In un’intervista all’emittente televisiva Al-Jazeera, Ghannouchi ha affermato che la decisione di sciogliere il Parlamento rappresenta una minaccia per la Tunisia e la sua sicurezza, e ha promesso che il movimento Ennahda – di cui è a capo – reagirà a questa decisione con mezzi popolari e legali, chiedendo un dialogo che includa tutte le parti.

La squadra antiterrorismo della sicurezza tunisina aveva infatti convocato più di 30 deputati che hanno partecipato alla sessione del parlamento in modalità virtuale di mercoledì.

Ennahda ha inoltre annunciato, dopo una riunione d’urgenza del suo ufficio politico, di non accettare la decisione di sciogliere l’Assemblea dei Rappresentanti del Popolo e ha ritenuto che questo passaggio rappresenti un ulteriore smantellamento dello stato e delle sue istituzioni e una nuova violazione della costituzione.
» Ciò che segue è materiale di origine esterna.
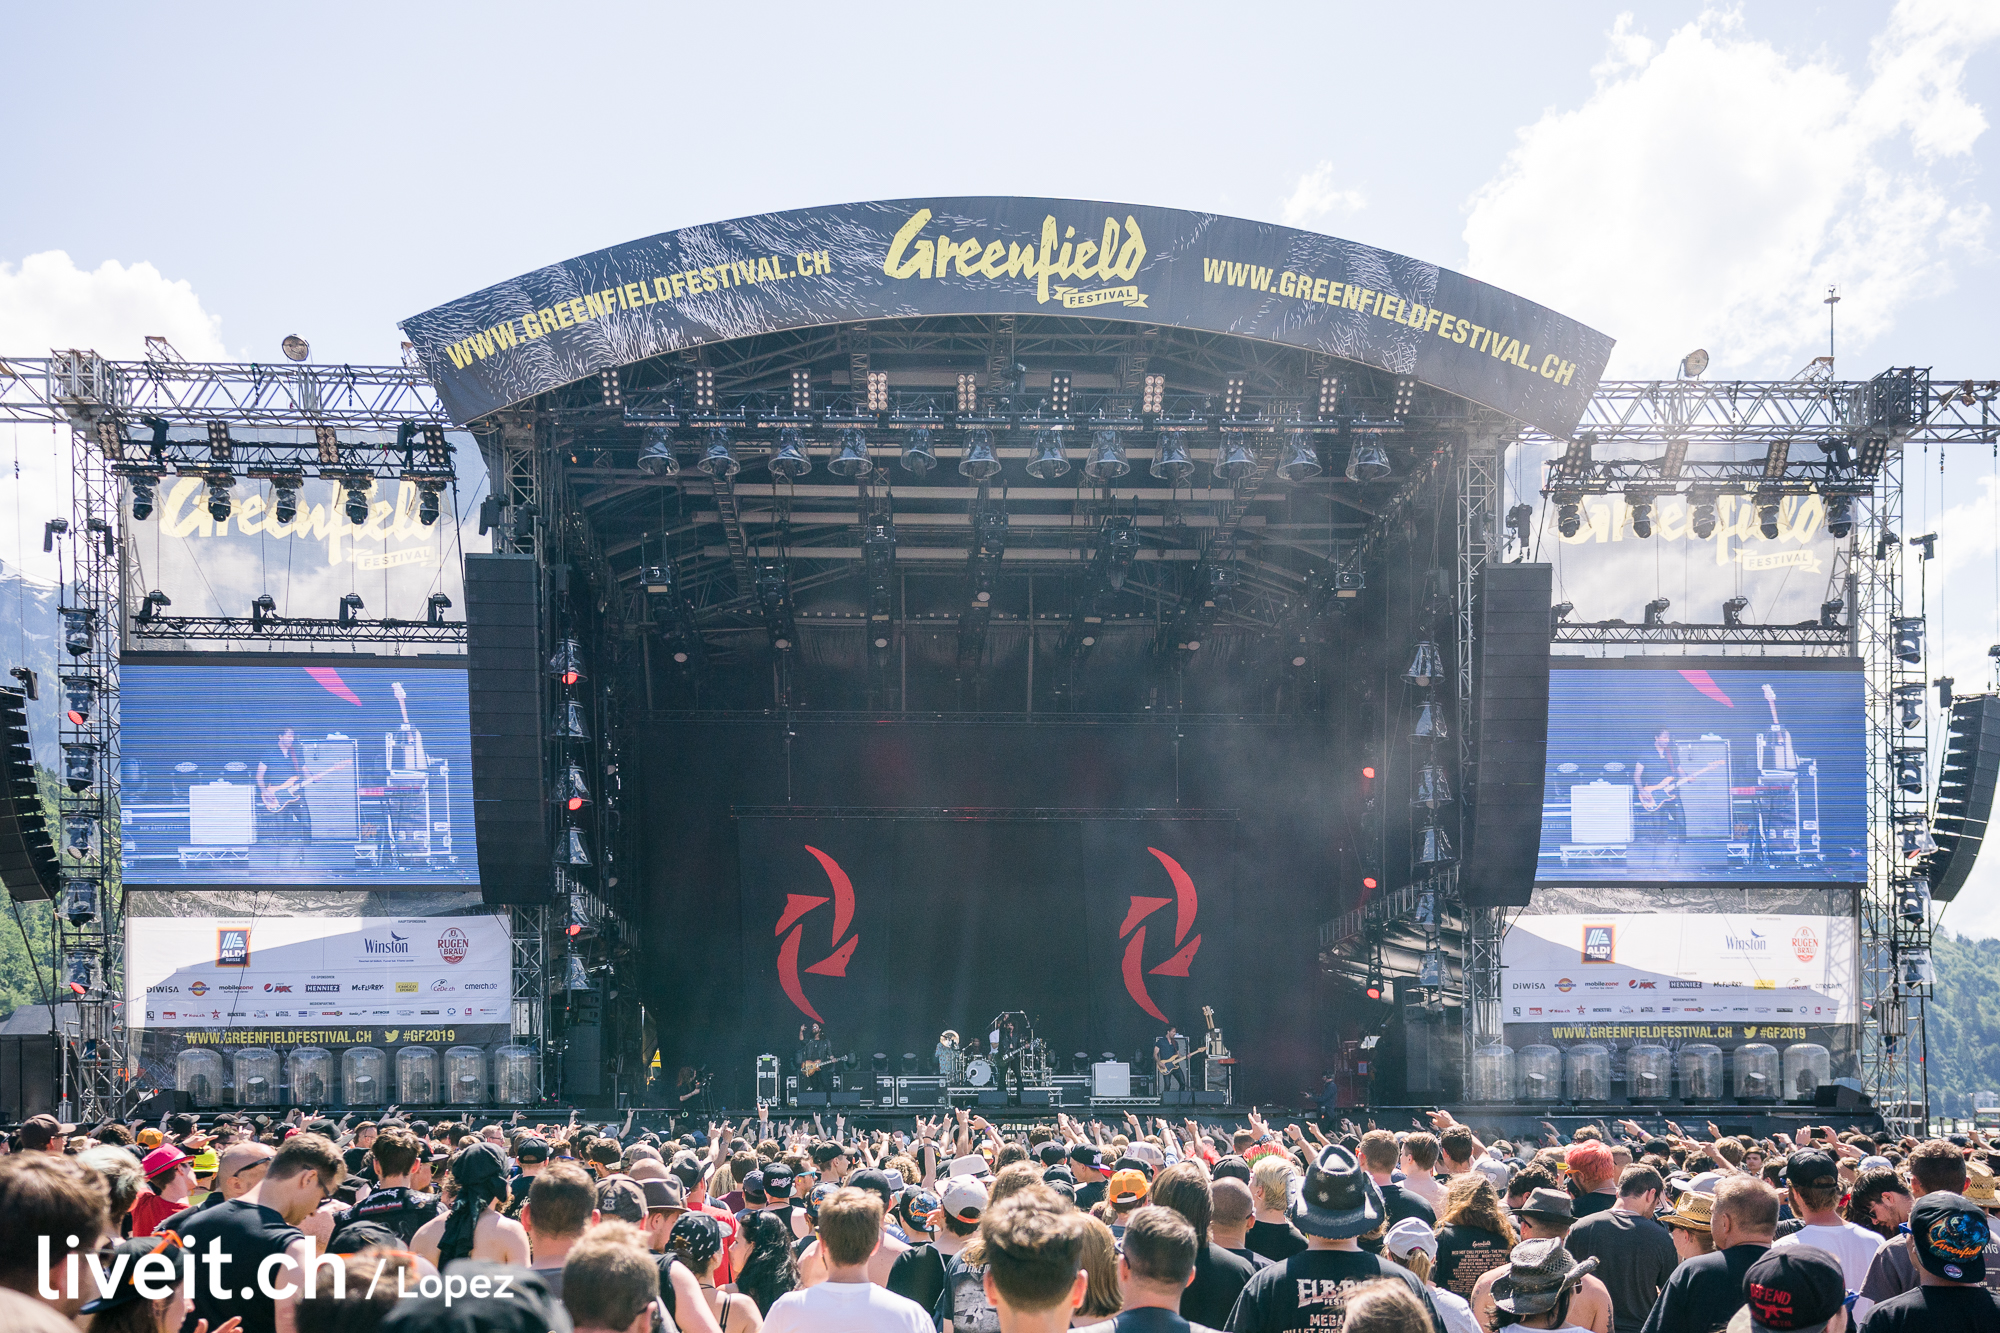 SCHWEIZ GREENFIELD FESTIVAL 2019 Halestorm

Anche l’ex presidente tunisino, Moncef Marzouki, ha invitato il Parlamento a ignorare la decisione di scioglimento e a cercare di raggiungere il quorum per isolare il presidente Saied. Analoga posizione è stata adottata dal partito Corrente Democratica tunisina.

Questo nuovo passo della crisi politica non fa che acuire la già grave crisi economica che affligge da anni il Paese. Quando il presidente tunisino ha annunciato lo scioglimento del parlamento, la Tunisia era alla ricerca di soluzioni alla sua crisi politica per convincere i suoi partner finanziari e le istituzioni internazionali a continuare a sostenere l’economia, che ha bisogno di finanziamenti esterni per almeno 12 miliardi di dinari (circa 4 miliardi di dollari) in modo da garantire i beni di prima necessità delle importazioni e il pagamento degli stipendi.

Secondo molti osservatori locali, questo passo estenderà le difficoltà economiche e sociali del Paese alla luce delle difficoltà di vita e dal calo del potere d’acquisto e della valuta locale.

La decisione di sciogliere il Parlamento è arrivata poche ore dopo che il ministro delle Finanze, Siham Namsieh, ha annunciato che c’erano indicazioni positive sull’accordo di prestito con il Fondo monetario internazionale. Era arrivato anche l’annuncio da parte dell’Unione Europea dell’intenzione di destinare 4 miliardi di euro in investimenti in Tunisia. La stabilità politica delle istituzioni di governance e il consenso interno sono tra le condizioni fondamentali per i finanziatori esterni, poiché il Fondo monetario internazionale chiede un programma di riforma che goda di un ampio consenso interno.

Anche i partner finanziari della Tunisia, in particolare l’Unione europea, sottolineano l’importanza del ritorno al governo di istituzioni legittime, mentre le rivalità politiche tra il presidente Saied e Ghannouchi hanno aggravato la crisi nelle sue varie forme.

L’ambasciatore dell’Unione europea in Tunisia, Marcos Cornaro, ha affermato che l’Ue continuerà a sostenere la Tunisia, ma chiede il ritorno delle istituzioni legittime, dichiarando la disponibilità dei Paesi europei a fornire 4 miliardi di euro (circa 4,5 miliardi di dollari ) nel finanziamento alla Tunisia, firmando un accordo con Tunisia e Fondo monetario internazionale, tra il 2022 e il 2027.

Il rapporto della banca d’affari Morgan Stanley ha messo in guardia sull’incapacità della Tunisia di adempiere ai propri obblighi nei confronti dei creditori, avvertendo che la Tunisia si avvia al default sui suoi debiti, se l’attuale deterioramento delle finanze pubbliche dello Stato continua. Ritiene che ciò possa accadere l’anno prossimo a meno che il paese non raggiunga rapidamente un programma con l’Fmi e non avvii profondi tagli alla spesa. Ciò arriva dopo un avvertimento simile lanciato dall’agenzia di rating del credito, Fitch, che ha declassato il rating del debito sovrano tunisino a (CCC) da (B-).